“When you find her, tell her ‘the Angel hears your plea’ and she will become invisible until you reach safety.”
My heartbeat slowed, sounding for all the world like the drums of old inside my mind. “Where did you pull that phrase from?”
Eli made a noncommittal noise before delivering a sham of an answer. “You know I can’t say.”
“Right,” I replied, doing my best to suppress the snarl of frustration caught in my throat. “Thanks.”
“My debt is cleared.” Eli’s tone was suddenly formal.
“Sure,” I replied absently. “If that makes you feel better.”
“What’s going on?” Eli asked. “Really?”
The fact that he had the gall to ask after telling me his debt was cleared was grating. If Eli Cabot wanted to be a curmudgeon that was his business, but I couldn’t handle the emotional whiplash right now.
“Ask Lux, since she knows so much.” My tone was clipped as I hung up. I’d lost my patience. “We have an hour to get the girl somewhere safe.”
Av looked back at the Automat, watching the three ancient warriors with their heads bent towards one another. “Do you think they can do it?” she whispered.
“What?” I asked, annoyed that she hadn’t started the car yet. I tried to tell myself that it was talking to Eli that got me worked up, but the thorn in my side was Ember Verona. The damn woman put me off my equilibrium.
“Get their swords back—become who they were meant to be again,” Av replied, her voice harboring a wistfully soft note.
Eryx watched her, his eyes narrowing slightly as his brow furrowed. He was worried about her. Whatever that emotion she displayed was, it concerned my brother. And thus should concern me. It did, but we were out of time.
“Av.” I leaned forward, touching her arm as gently as I could. “We don’t have much time. Get us to where you stashed the girl.”
What was this longing she had for the Maere? Av had been like this ever since she discovered what the auction’s theme would be. I tried to make eye contact with Eryx, but he wouldn’t look my way.
She nodded, but her gaze stayed on the Automat. “We should ask them to help us.”
I sighed. If only we could. In another version of this world, perhaps. But the Trinity and the Maere had been at delicate odds for centuries. The Consulate was a necessary evil, one we could not forego if we wanted to survive the Authority. But it was hard to ignore how much damage it had done, how sometimes it felt like the Consulate was working against us as much as the Authority was. I followed Av’s gaze. The three women in the Automat were different somehow. They always had been.
When they had their swords, they had been better. Things had been better for all of us. I hadn’t realized it til they broke apart. Til the five Orphium Maere had turned to one lonely, desperate woman. The feeling that I’d played a part in fucking all that up chased me down, eliciting a lump in my throat I could hardly swallow.

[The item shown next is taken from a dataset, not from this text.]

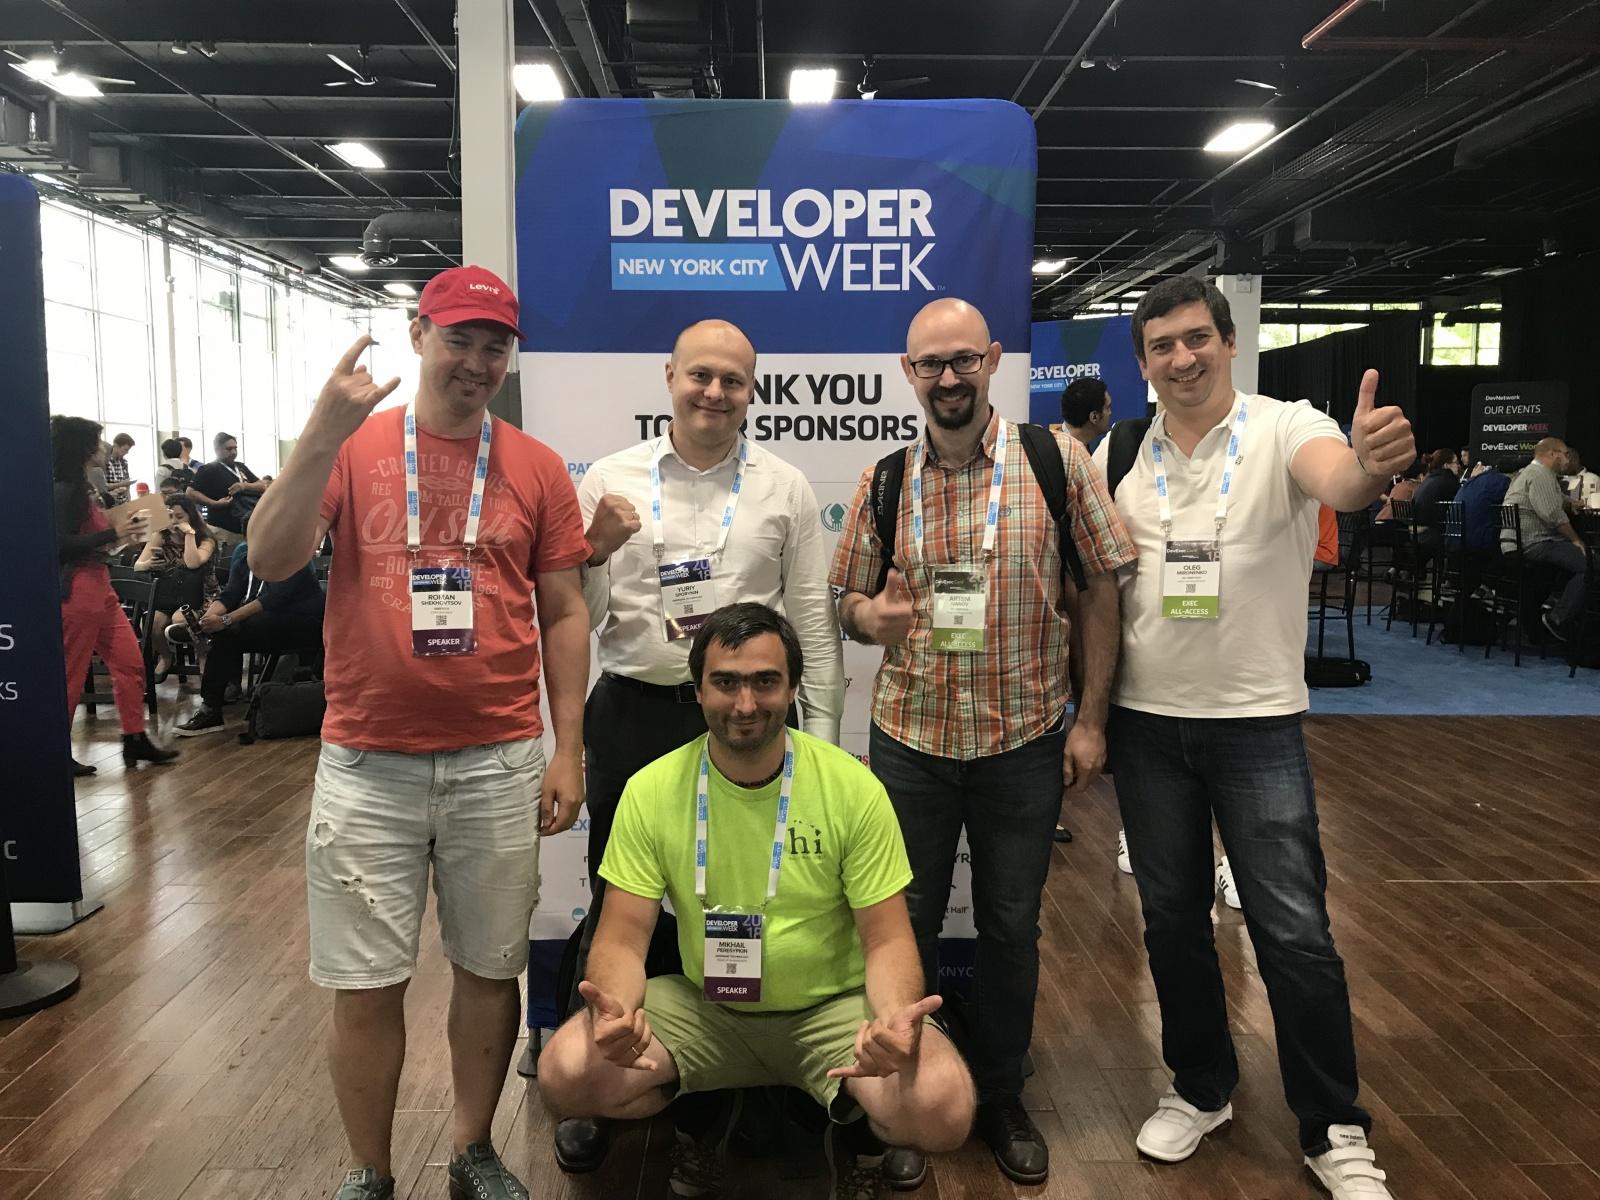 Как мы съездили на New York Developer Week - 9
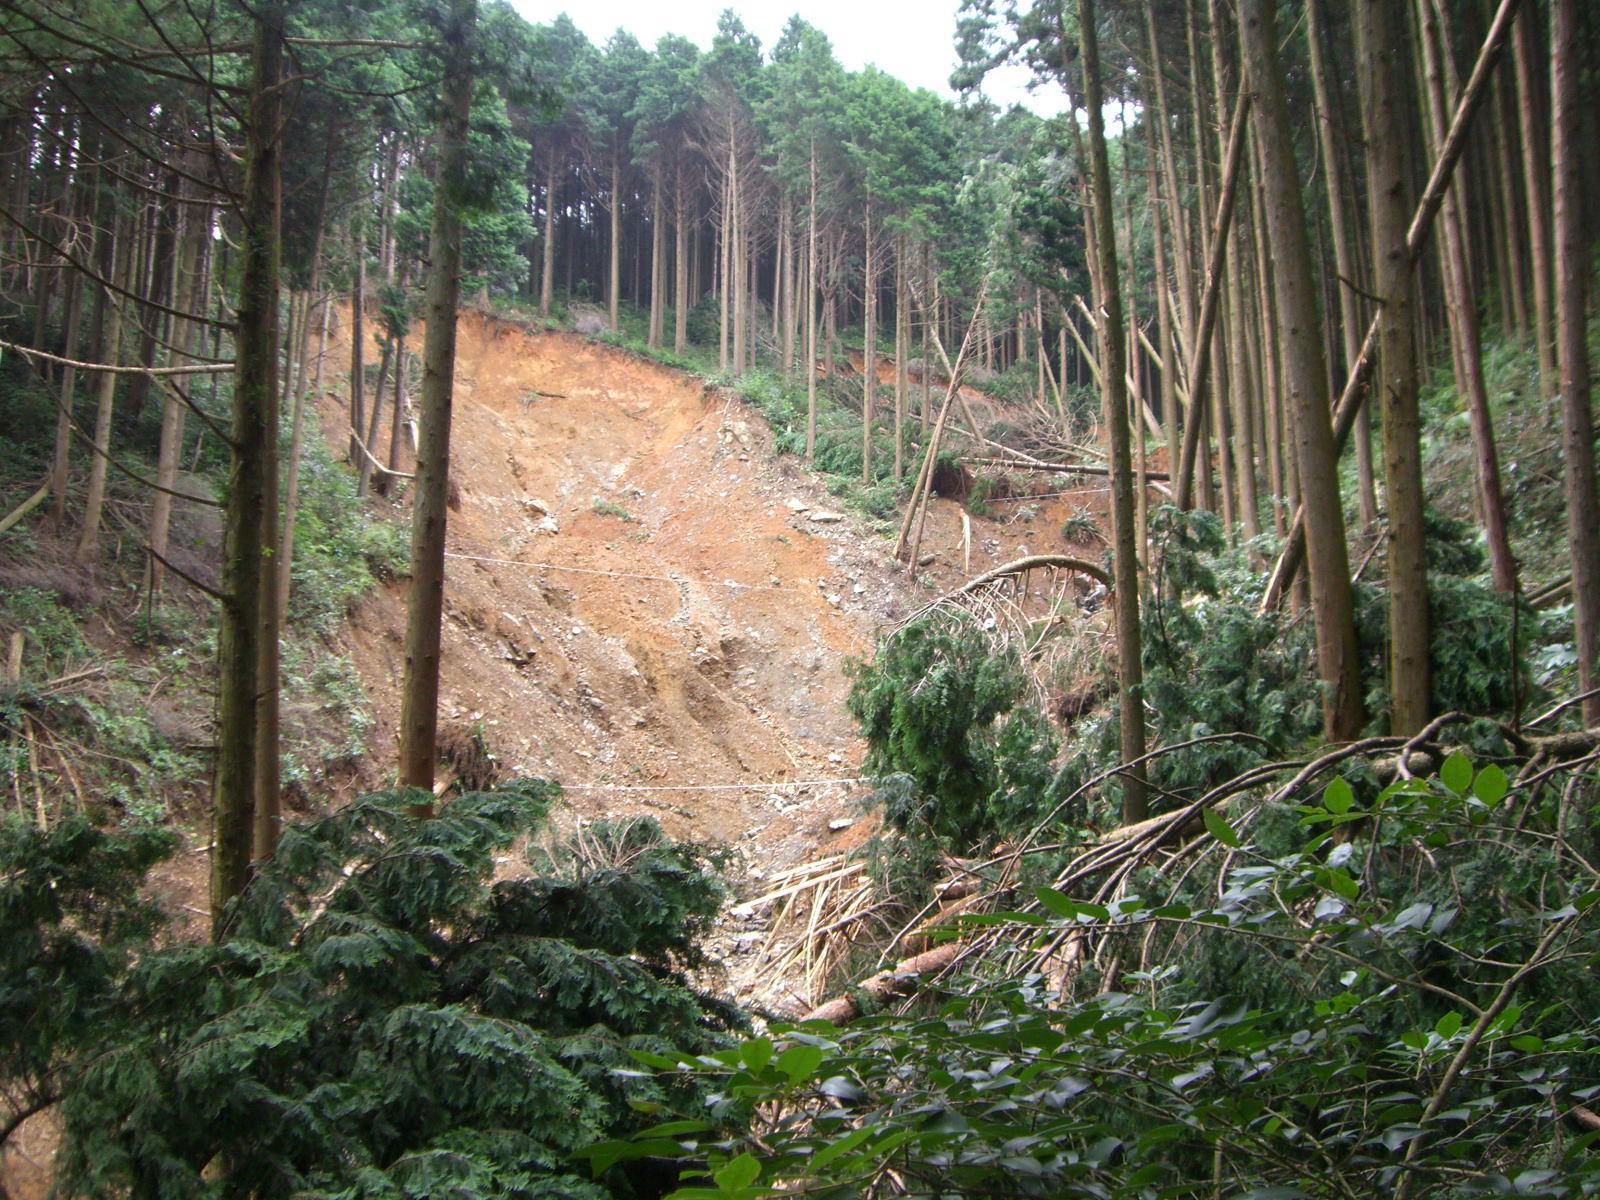 公務員林業の弊害 : 福岡県篠栗町の土砂災害は人災

“We can’t,” I murmured, feeling distracted. If only we could band together, we would be an even match for the Authority and the sheer numbers the humans had against us.
That kernel of hope wormed its way into my heart, but I dug it out, tossing it aside before it had the chance to germinate. Hope was fickle—dangerous. “Drive, please.”
Av nodded, starting the car. Eryx glanced back at me in the rearview mirror. He knew as well as I did that underneath Av’sicy exterior beat the heart of an idealist—that our girl held out hope for a better world, even when the rest of us could not. She pulled away from the curb, and I could feel her disappointment, heavy and desperate.
For all the times she’d been right about things and I hadn’t been able to listen, surreptitiously, I slid my phone out of my pocket. I found Ember Verona’s phone number and sent a single text:Could use some help.
Then I pulled the pin on our geolocation for the girl and sent it to Ember as well. If Av was right and we needed them, then I didn’t want to make another mistake. When it came to Orphium’s Maere, I’d failed to listen to Av one too many times. It sent dread through me to ask them for anything, but I convinced myself I was doing this for Av.
Because if it was for me, then I was too far gone. If I let myself need Ember Verona, I was lost.
CHAPTER 14
EMBER
A streamof human teenagers flowed into the Automat. They were children, raucous and clearly having fun, but my heart sank at the way they shrank away from us. The way their joy stopped the moment they clocked who, and what, we were.
I got up from the table and deposited my tray in the return window before staring pointedly at Lara and Rhi. Lara shook her head and Rhi sighed, but they followed suit as I stepped out into the night. Rhi stared down the street for a long moment as a black town car rounded the corner a block away. Her eyes narrowed for a second, but when she turned back towards me, her face was schooled into its usual mask of calm.
“We should check out the Auction Gallery,” she said, keeping her voice low as we made our way down the wet street. It had stopped raining, and fog drifted through the streets, thick and soupy. “Tonight. There’s a special exhibit in another gallery and we should be able to walk right by the swords.”
I bit back all my arguments and my desire to ask about a hundred more questions when Lara nodded. Wasn’t this what I wanted? My sistren back, to work together again? I could bite my tongue. Keep my mouth shut and just listen for a while. Not everything had to be a fight.